WUNRN

http://www.wunrn.com

 

http://www.nytimes.com/2015/04/29/world/asia/indonesia-execution.html?emc=edit_na_20150428&nlid=36377513&_r=0

 

INDONESIA EXECUTES 8 CONVICTED ON DRUG CHARGES, BUT MARY JANE VELOSO OF THE PHILIPPINES WAS GIVEN STAY OF EXECUTION

“The authorities granted the stay of execution to Mary Jane Veloso, 30, a Philippine citizen, after the Philippine government requested her assistance in a human trafficking case involving a woman who surrendered to the Philippine police on Tuesday.”

By JOE COCHRANE - APRIL 28, 2015

JAKARTA, Indonesia — Defying international condemnation and rejecting 11th-hour pleas for clemency, the Indonesian government executed eight drug convicts after midnight on Wednesday, including seven foreigners.

But the execution of a ninth convict, scheduled to happen at the same time, was unexpectedly postponed at nearly the last minute, according to the Indonesian attorney general’s office.

The executed prisoners, from Australia, Brazil and Nigeria, along with one Indonesian, were shot by police firing squads at about 12:25 a.m. local time at a site outside the gates of Pasir Putih prison on the island of Nusa Kambangan off the southern coast of Java, according to the attorney general’s office.

The authorities granted the stay of execution to Mary Jane Veloso, 30, a Philippine citizen, after the Philippine government requested her assistance in a human trafficking case involving a woman who surrendered to the Philippine police on Tuesday.

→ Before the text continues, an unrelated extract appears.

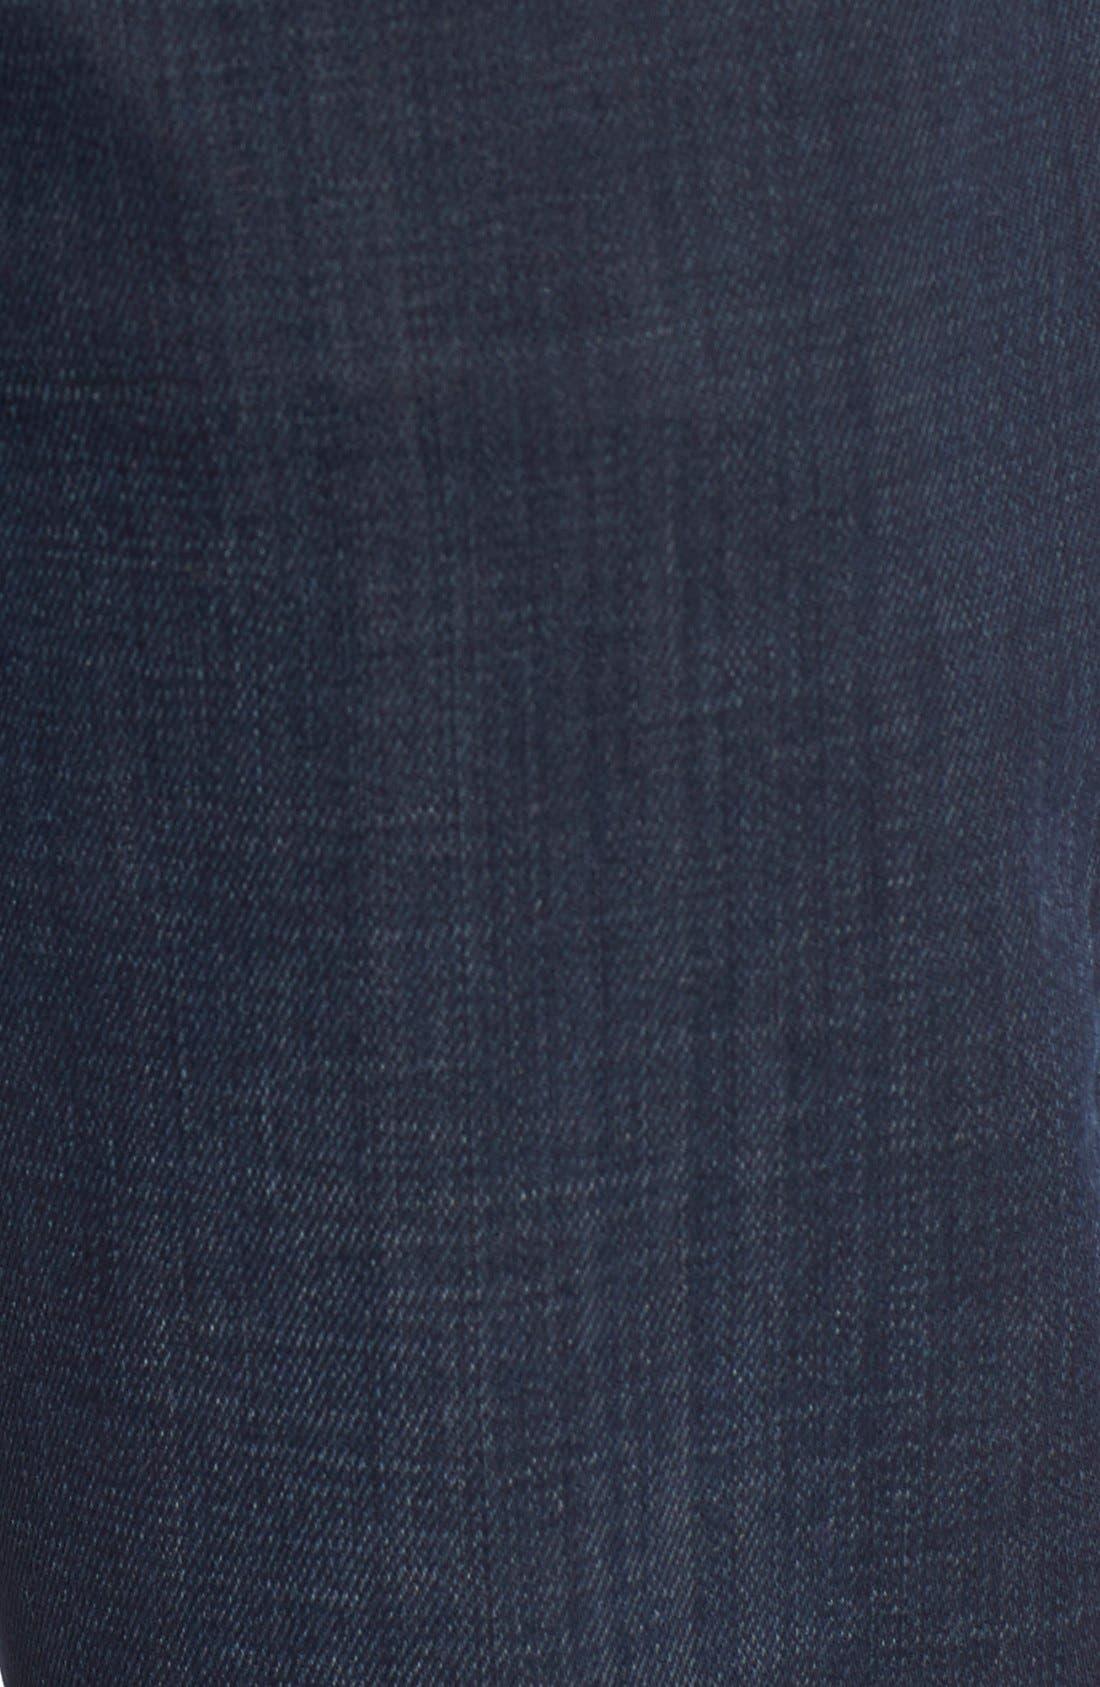 Gage Slim Straight Leg Jeans,                             Alternate thumbnail 5, color,                             Duvall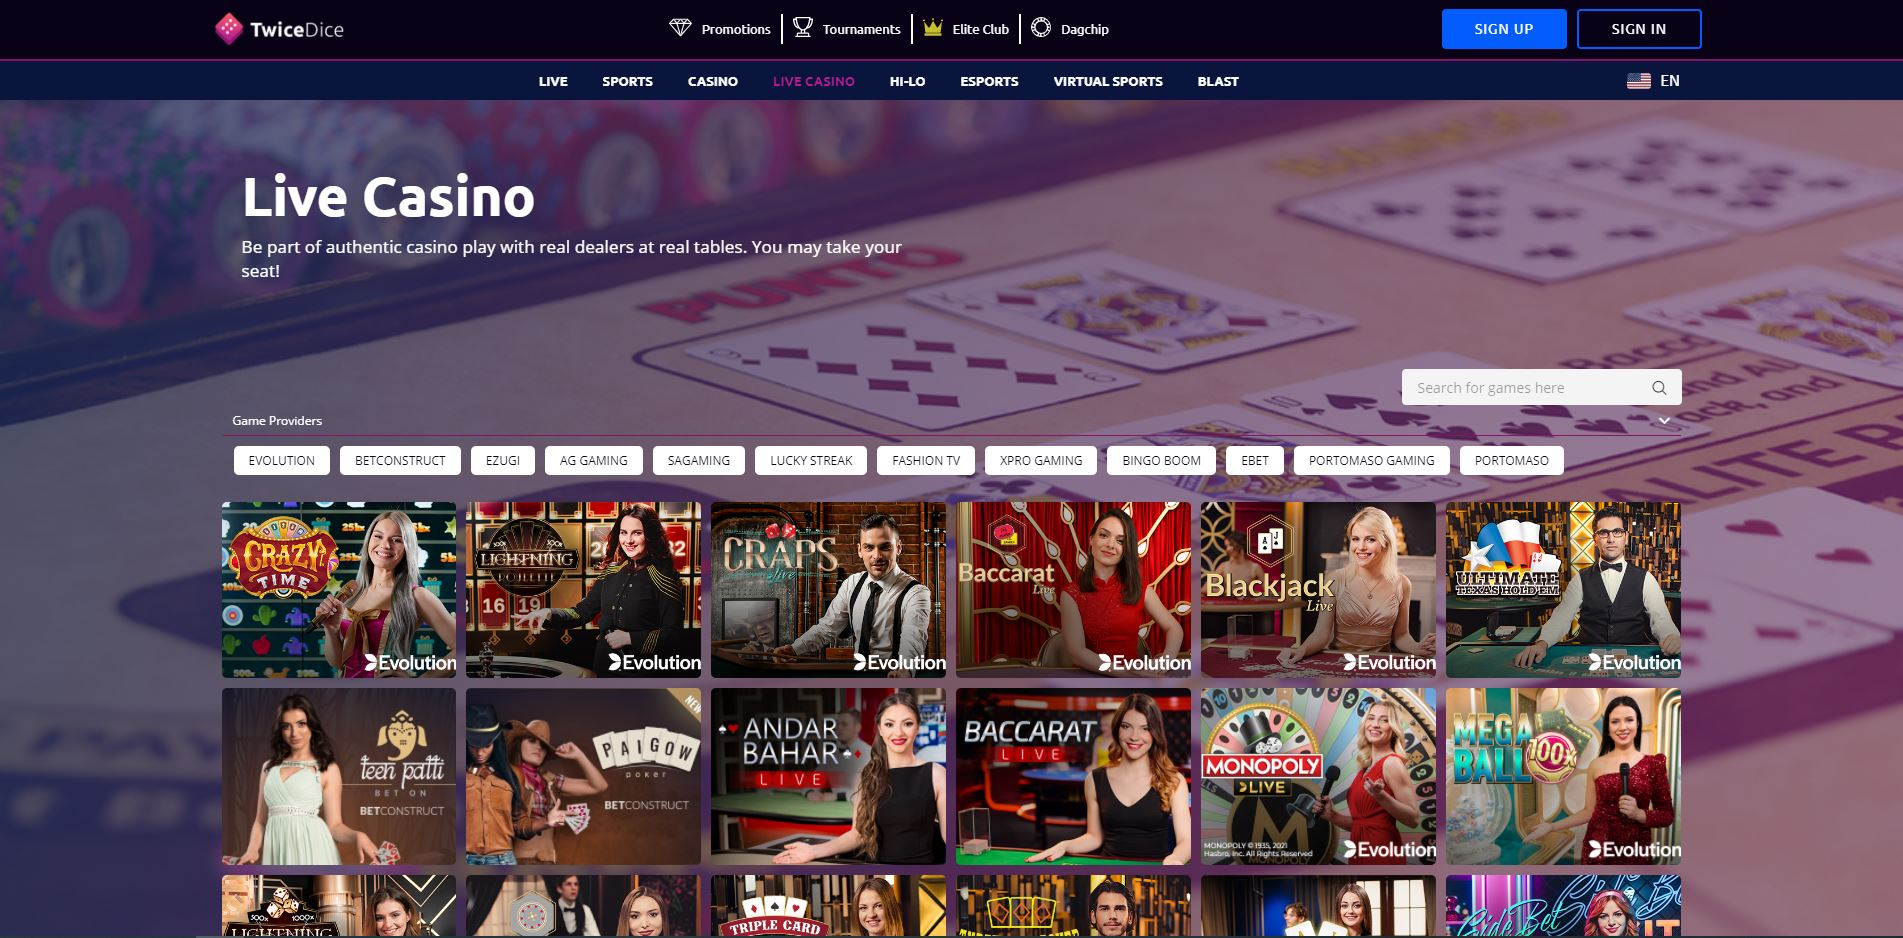 TwiceDice Live Casino Screenshot

“An alleged perpetrator of human trafficking gave herself up, and Mary Jane’s testimony is needed,” Tony Spontana, a spokesman for the Indonesian attorney general, wrote in a text message shortly after the executions were carried out. “Eight people were executed, but not Mary Jane,” he wrote.

Ms. Veloso’s family maintains that she was duped by a drug syndicate into flying to Indonesia in 2010 with more than 5 pounds of heroin hidden in a suitcase. President Benigno Aquino III of the Philippines had repeatedly appealed for her to be spared. The woman who surrendered to the Philippine police on Tuesday was identified as one of those who recruited Ms. Veloso.

Relatives and friends of the condemned paid them final visits on Tuesday, but were not allowed by the Indonesian authorities to witness the executions.

Shortly after midnight Tuesday, mourners in the port town of Cilacap, which is the access point to the prison island, held a candlelight vigil for the condemned prisoners that was televised.

The mass execution was the second in Indonesia this year. In January, five foreign drug convicts and one Indonesian convicted of murder were shot by firing squads on the island.

On Saturday, the attorney general’s office gave 72 hours’ notice to the latest group of condemned prisoners, their legal teams and their respective embassies that the executions would be carried out.

On Monday, an Australian prisoner, Andrew Chan, married his Indonesian fiancée in a small wedding ceremony at the prison.